Provided material -
——————

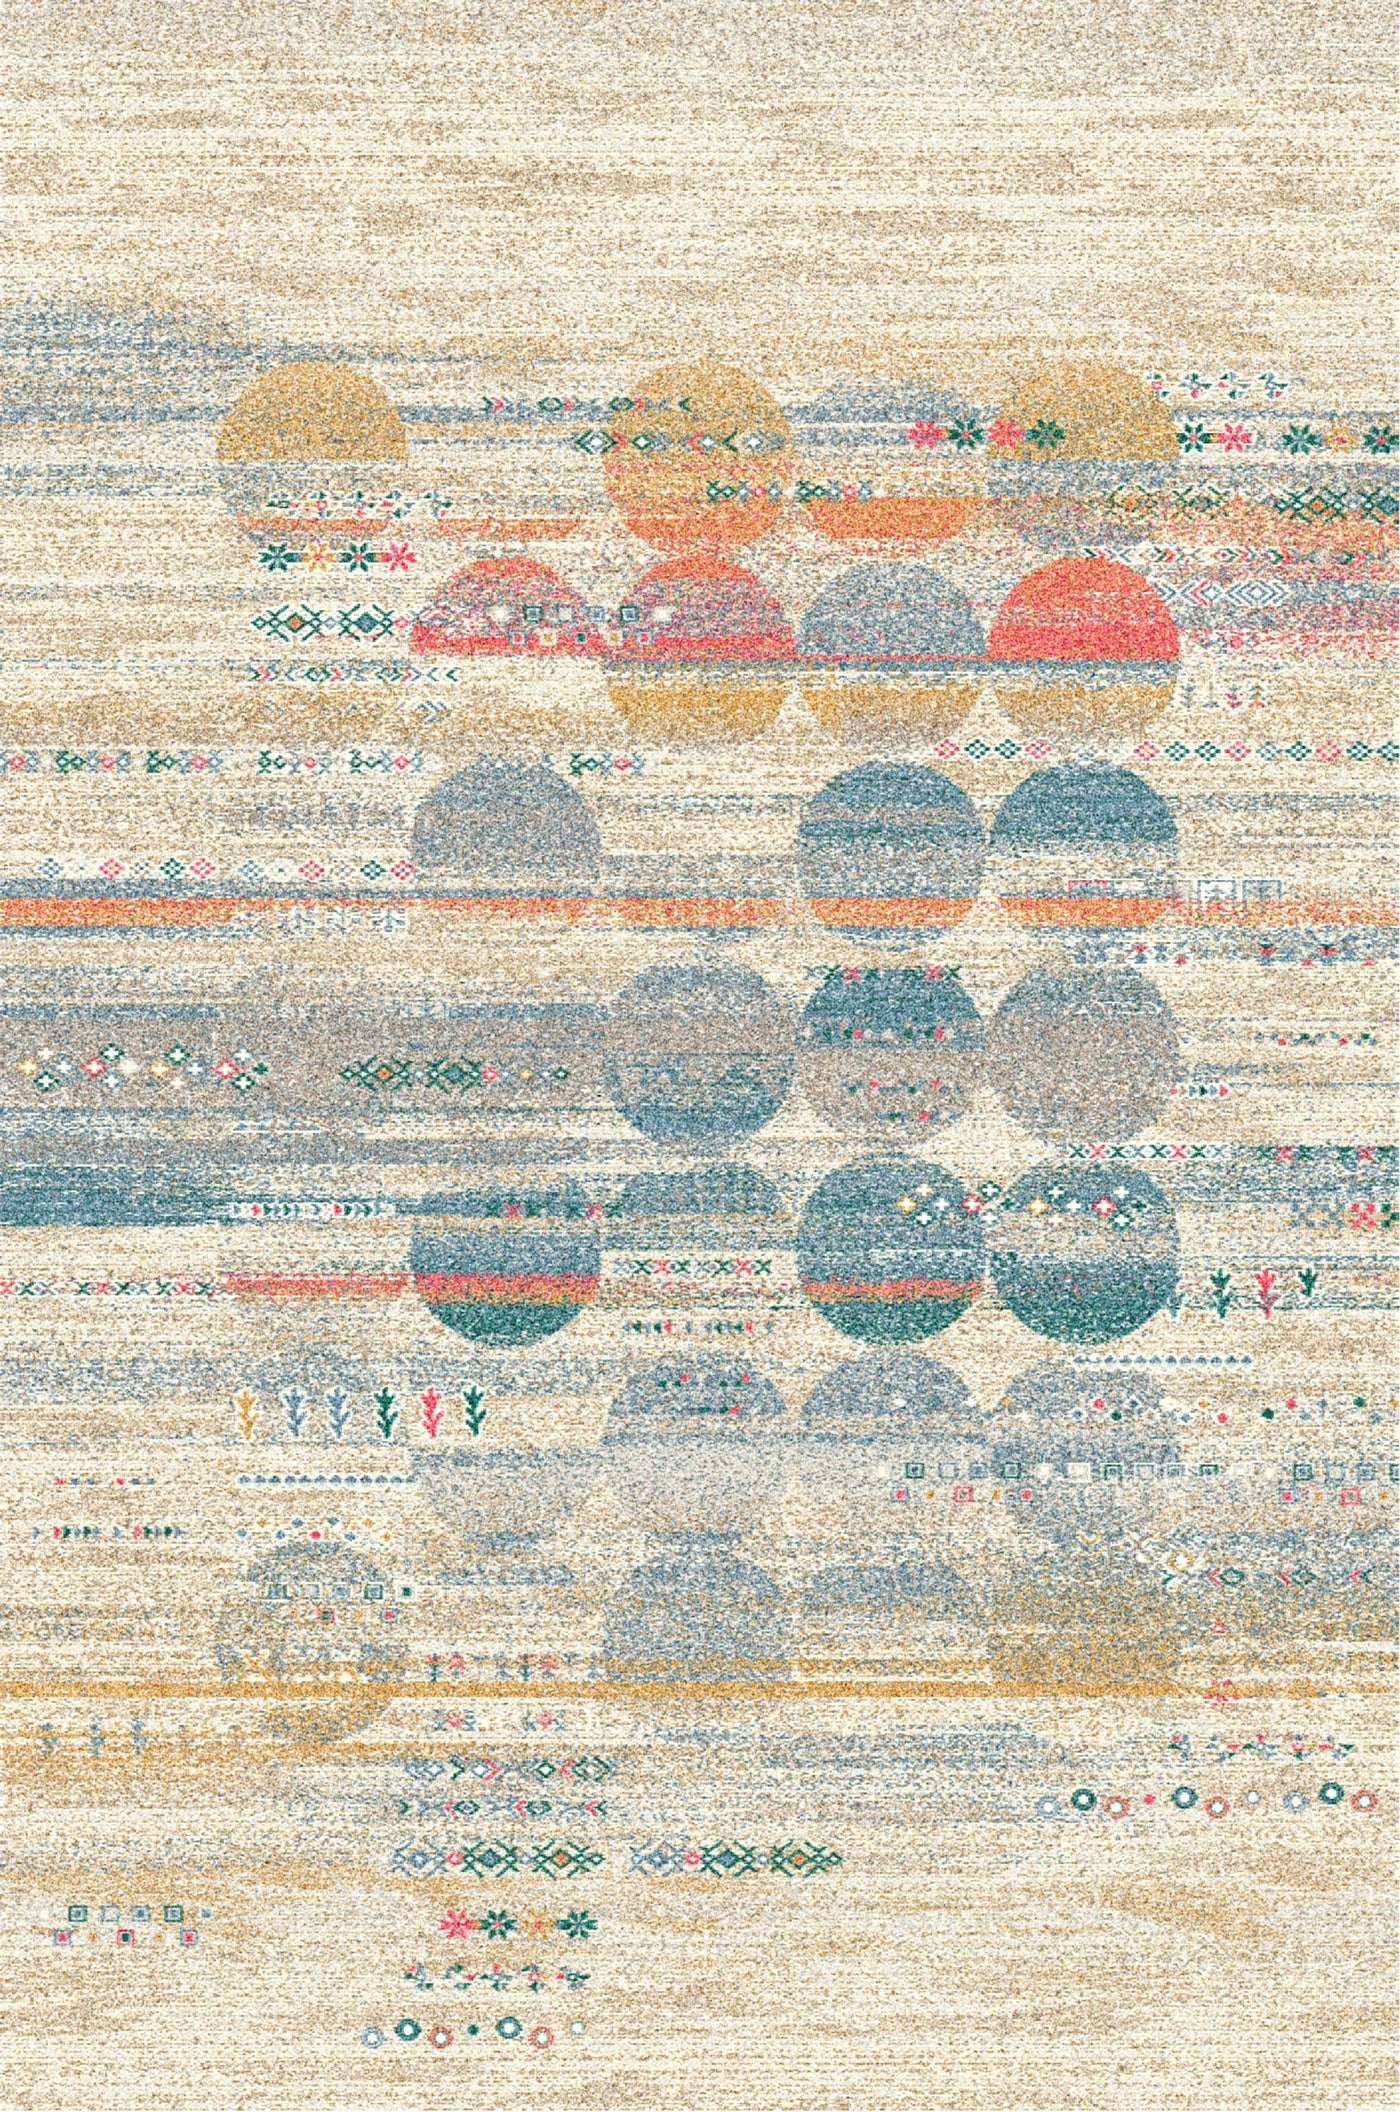 Rug with abstract circular patterns in muted colors and intricate horizontal stripes
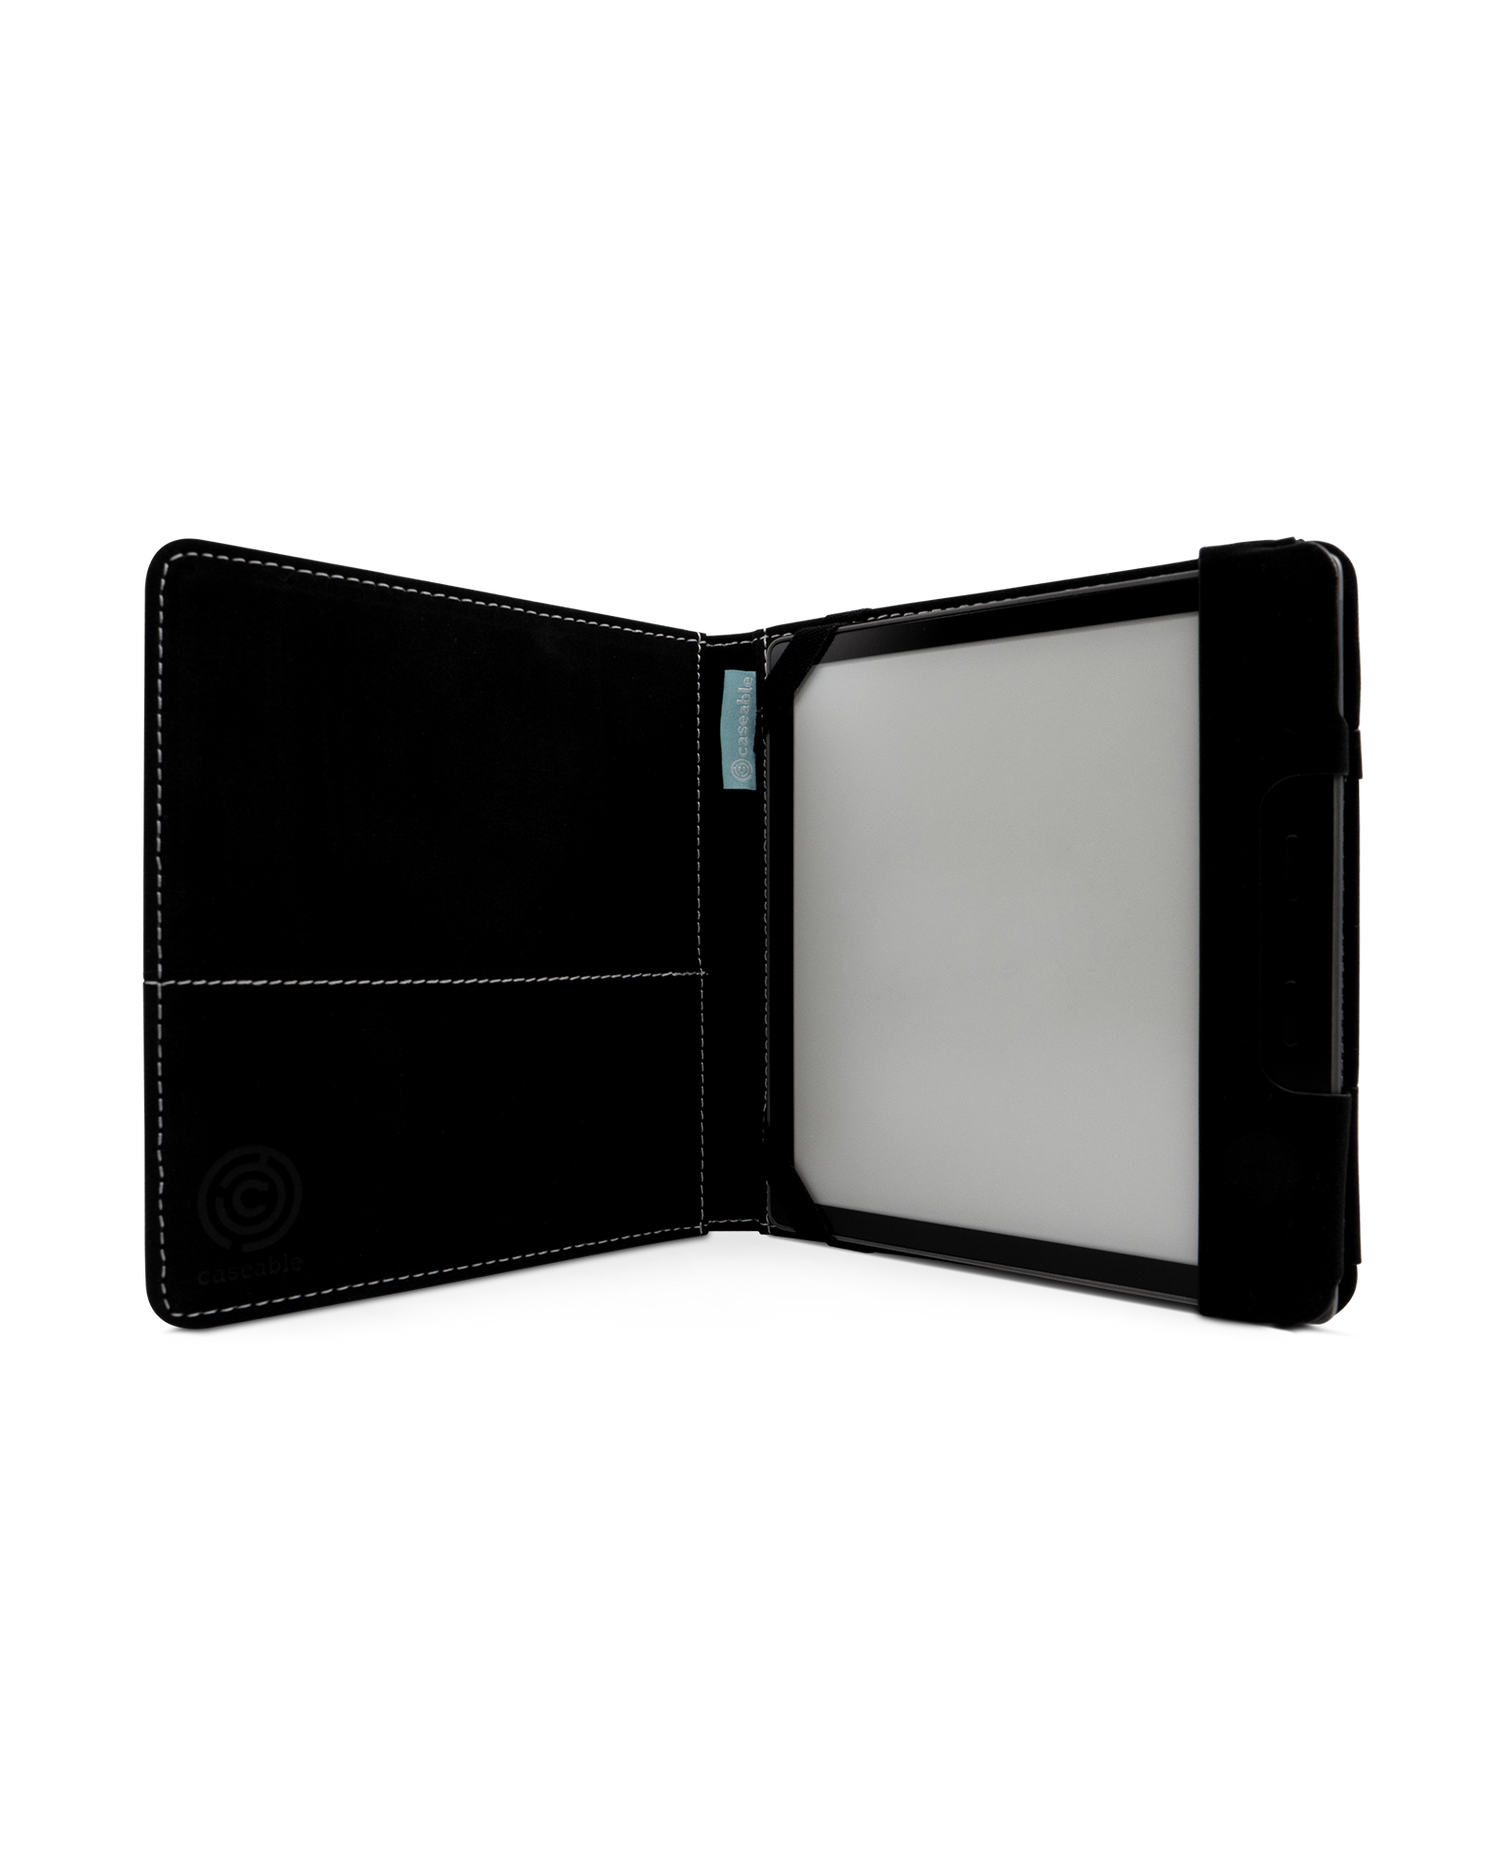 LGBTQ eReader Case for tolino vision 6: Opened interior view
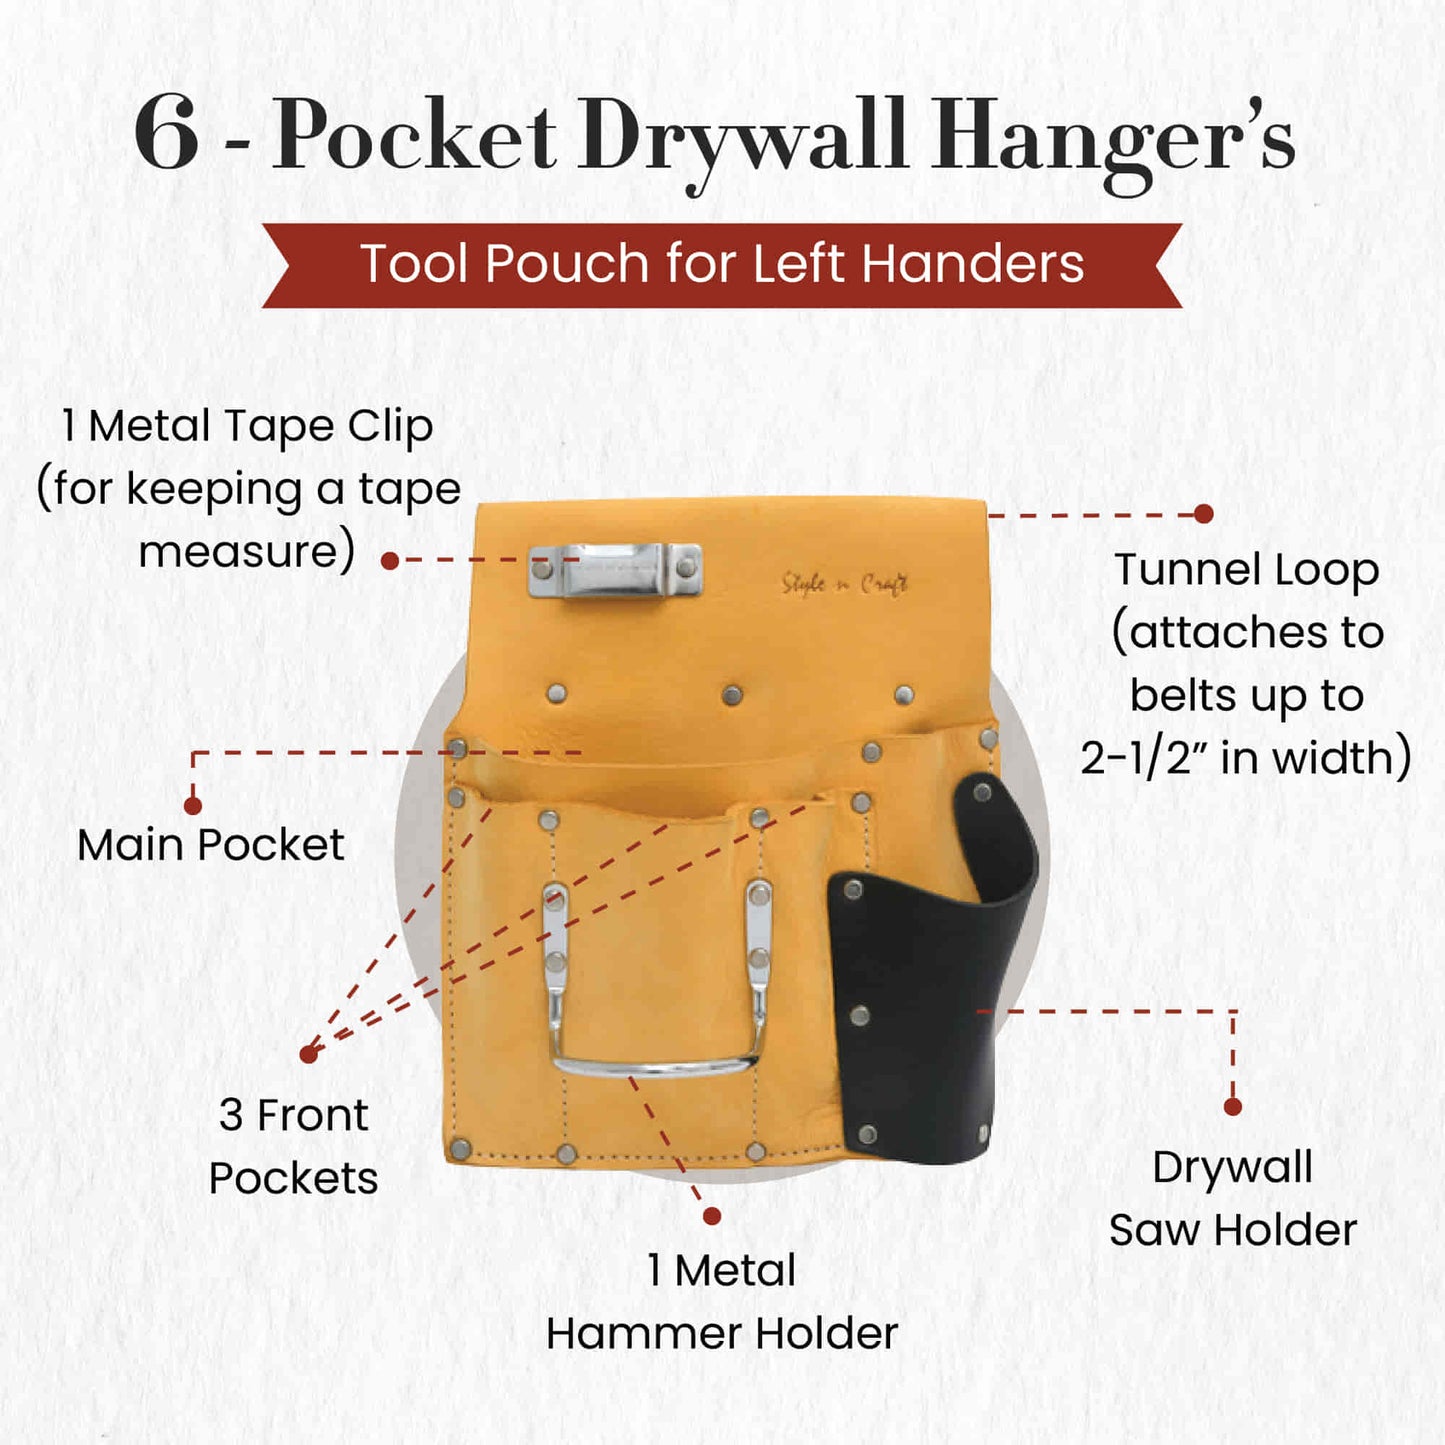 Style n Craft 93485L - 6 Pocket Drywall Hanger's Tool Pouch for Left Handed People in Yellow Color Full Grain Leather with Leather Saw Holder in Black Full Grain Leather - Front View Showing the Details

——————

Exercise requirements - From the first line to the last, reproduce the listing above exactly, leaving the pictures out.

Your response -
 Rug with abstract circular patterns in muted colors and intricate horizontal stripes
 LGBTQ eReader Case for tolino vision 6: Opened interior view
 Style n Craft 93485L - 6 Pocket Drywall Hanger's Tool Pouch for Left Handed People in Yellow Color Full Grain Leather with Leather Saw Holder in Black Full Grain Leather - Front View Showing the Details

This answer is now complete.